Welcome to the Johns Hopkins University Infectious Disease Dynamics COVID-19 Working Group's covid_deaths_and_data
, a repository which holds the package DaCODeBED
and sample data from the JHU CSSE COVID-19 Data Repository.
DaCODeBED (Data Correction using Outlier Detection and Back-Distribution for Epidemiological Data) is an R-Package that performs corrections on epidemiological time series data. It removes data dumps which occur during the reporting of outbreaks and back distributes the extra reported numbers over a given time frame to aid with infectious disease outbreak management efforts like disease projections and intervention and scenario planning using SEIR models.
DaCODeBED has two usable functions – outlier_detection() and death_distribution().
This function takes two input arguments:
- date - a column of dates
- incidD - the number of reported data on that day.
Both the arguments should be of the same length. It returns a vector of 1’s and 0’s with length equal to the input arguments. Each element represents if the reported deaths on a given date is a data dump (1) or not (0).
This function takes three input arguments:
- date - a column of dates
- incidD - the number of reported data on that day
- pois_out - a column of 1’s and 0’s indicating if each reported data is an outlier or not.
The function also takes optional arguments depending upon the method of back distribution to be used:
- use_cases - a Boolean variable (default = FALSE) which indicates if additional data (for example cases if reported data is deaths) is provided to determine the back distribution ratio. If FALSE, the back distribution will take place using the original reported data (incidD).

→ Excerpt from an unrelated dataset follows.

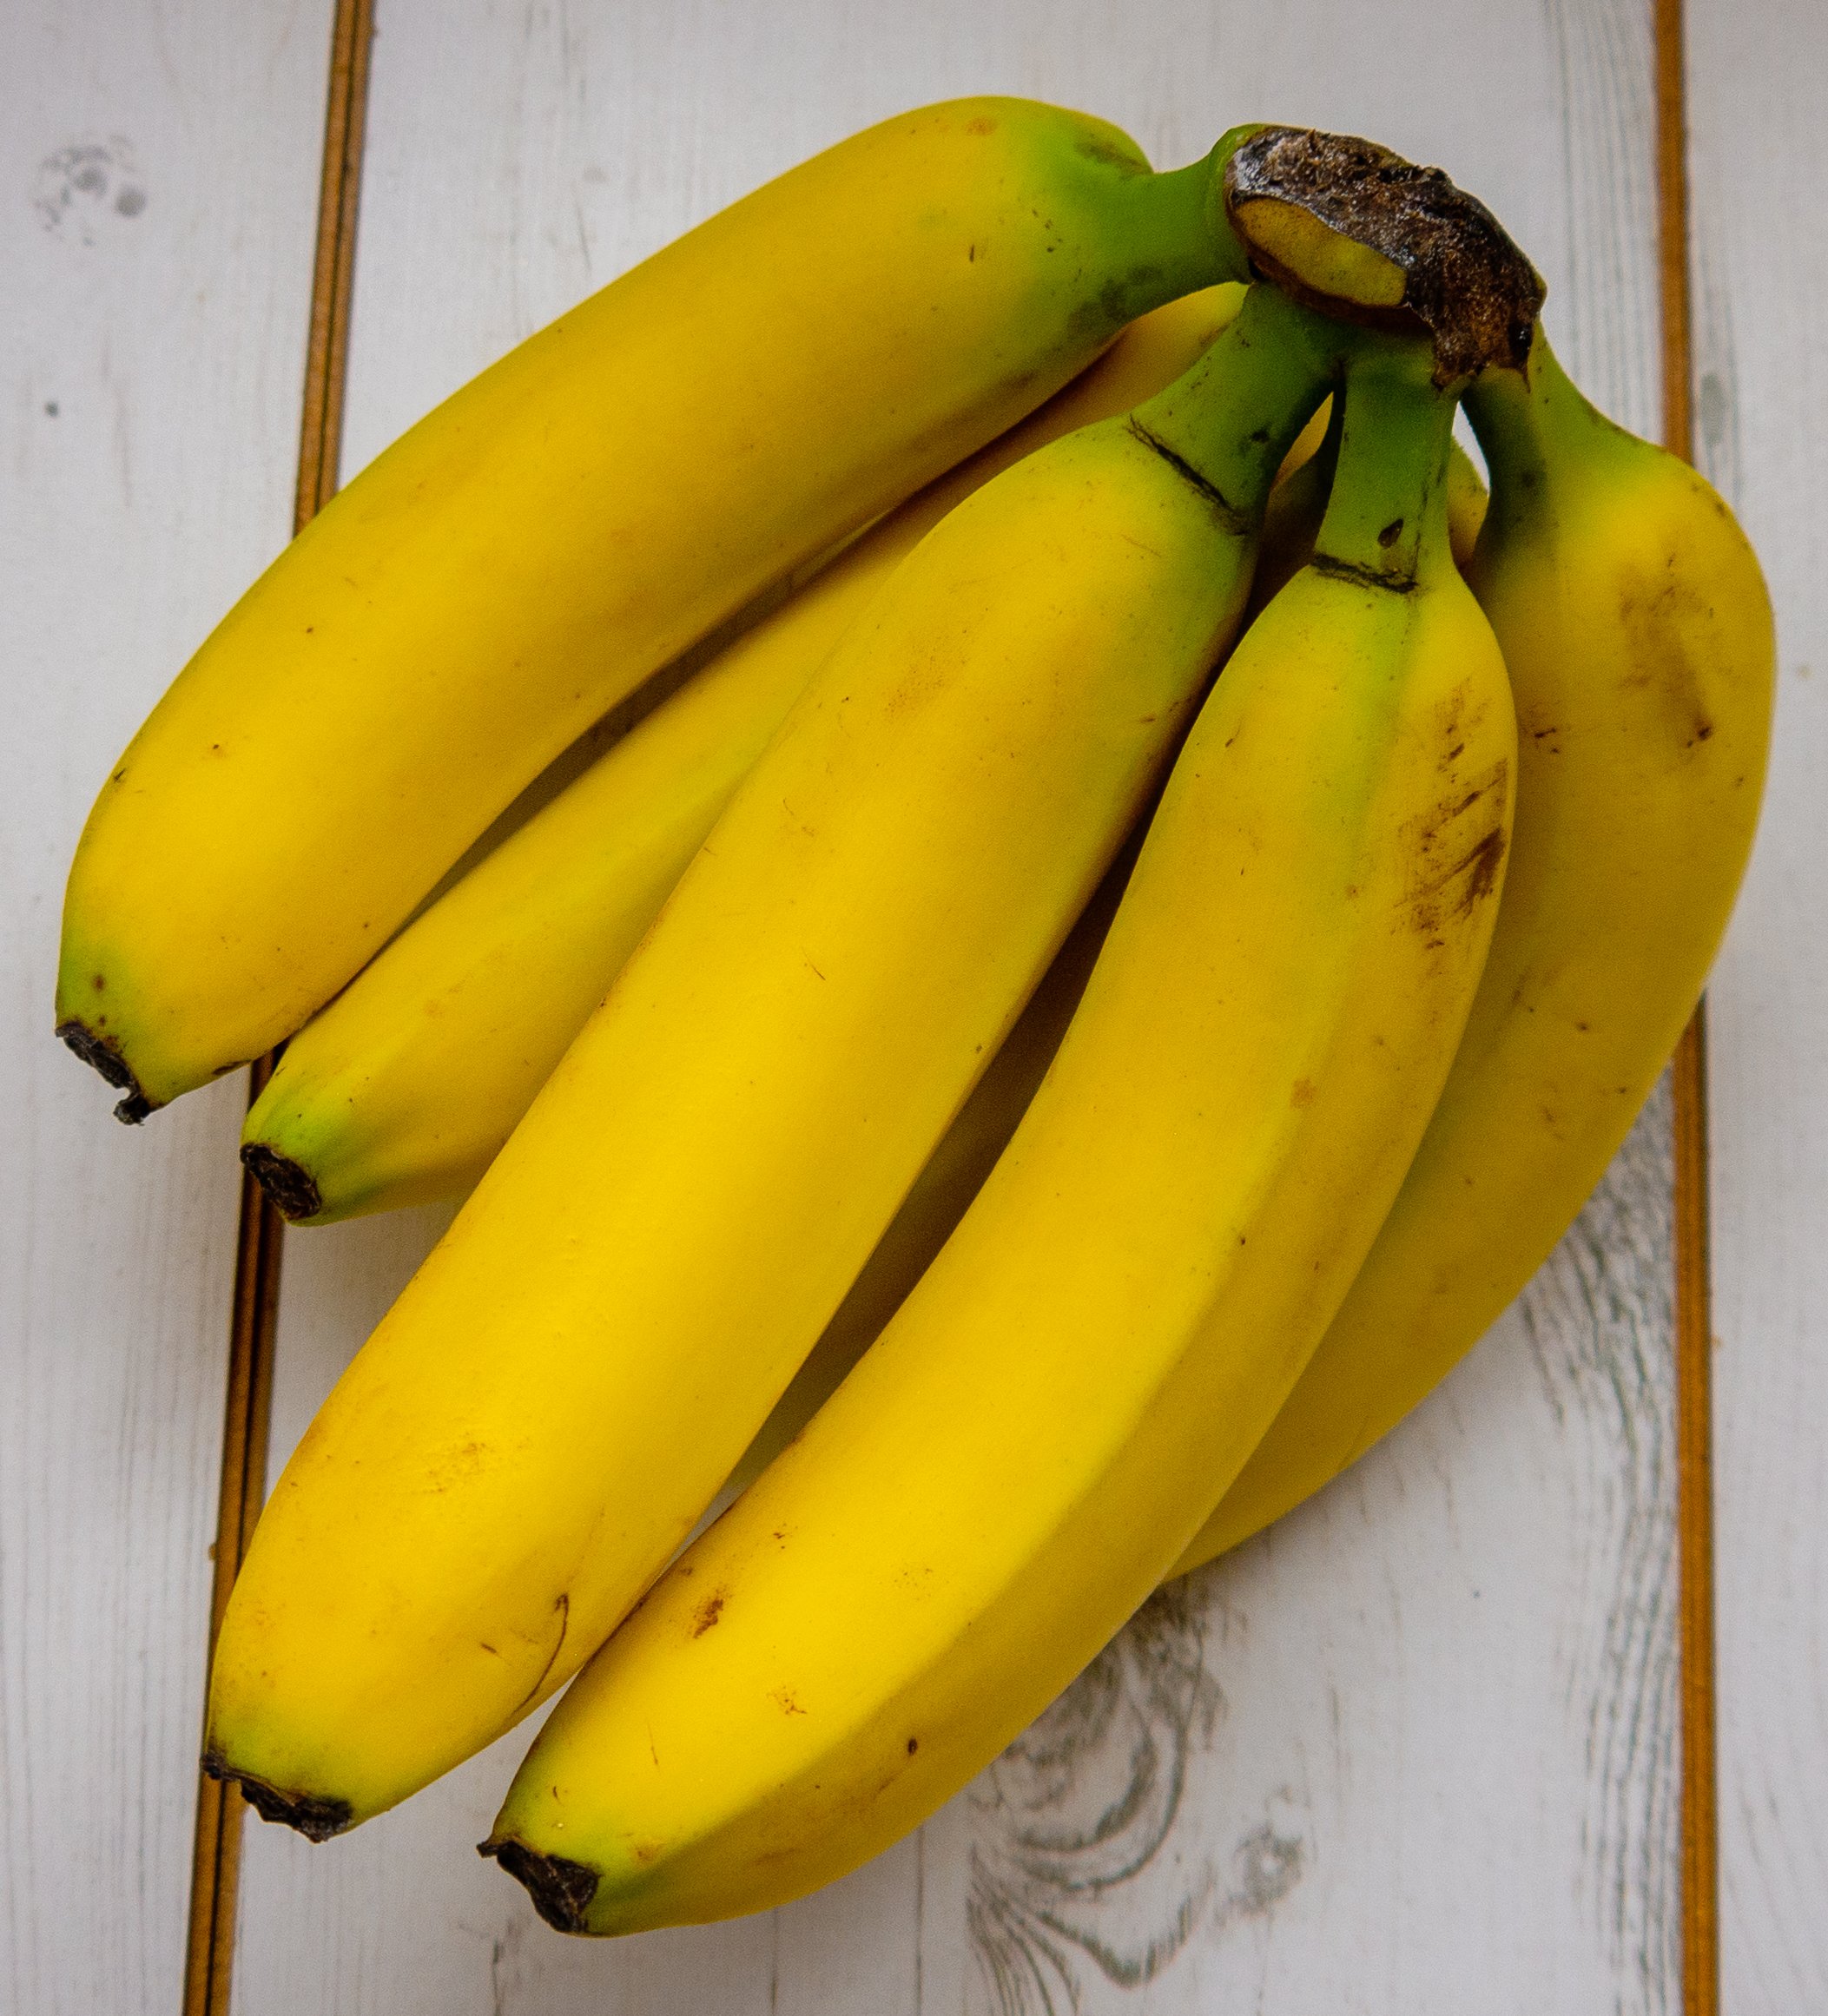 caramelised banana recipe by kam sokhi allergy chef

- incidI - the additional data which must be provided if use_cases is TRUE to determine the back distribution ratio.
- cases_lag - this is the time period by which the supporting data is ahead of the target data in weeks. It defaults to 3 weeks.
- support - a Boolean variable (default =FALSE) which indicates if additional data is provided to help with outlier identification, informing about the extra reported data (if present), and the date till which the extra deaths must be distributed (if present).
- out_sup - if support is TRUE, it is a column of 1’s and 0’s indicating if each reported data is an outlier or not according to the supplementary data set provided.
- diff - if support is TRUE, it is a column which indicates the number of extra numbers reported on that day according to the supplementary data set provided. If this is not provided but just an outlier is indicated by out_sup the extra reports are calculated on its own. For outlier points where extra reports are not mentioned and the non-outlier points the value of diff should be zero.
- low_date - if support is TRUE, it is a column with dates which indicate the date till which the extra reports calculated using diff or by the function (if diff is not present for that given point) should be distributed to. If the dates are not mentioned the date to be back distributed will be calculated automatically. For outlier points where low_date is not present and non-outlier points the value should be NA.
The sample data is processed data from the JHU CSSE COVID-19 Data Repository which is present in the data
folder. All the data is summarised weekly. The following data sets are present:
- Weekly_Cases_JHU-CSSE.csv – consists of the reported COVID-19 Cases for all 50 states plus Washington D.C. and Puerto Rico
- Weekly_Deaths_JHU-CSSE.csv – consists of the reported COVID-19 Deaths for all 50 states plus Washington D.C. and Puerto Rico
- Weekly_Deaths_JHU-CSSE_CorrectionRecords.csv – consists of the reported COVID-19 Deaths for all 50 states plus Washington D.C. and Puerto Rico along with indications of data points being data dumps along with the number of deaths dumped and the period they belong to.
- Weekly_Deaths_JHU-CSSE_Final_Gold_Standard_Outliers.csv - consists of the reported COVID-19 Deaths for all 50 states plus Washington D.C. and Puerto Rico along with indicators of the data points being data dumps which can be treated as gold standard outliers.
- Weekly_Deaths_JHU-CSSE_Visual_Outliers.csv - consists of the reported COVID-19 Deaths for all 50 states plus Washington D.C. and Puerto Rico along with indicators of the data points being data dumps identified visually.
This open-source project is licensed under GPL v3.0.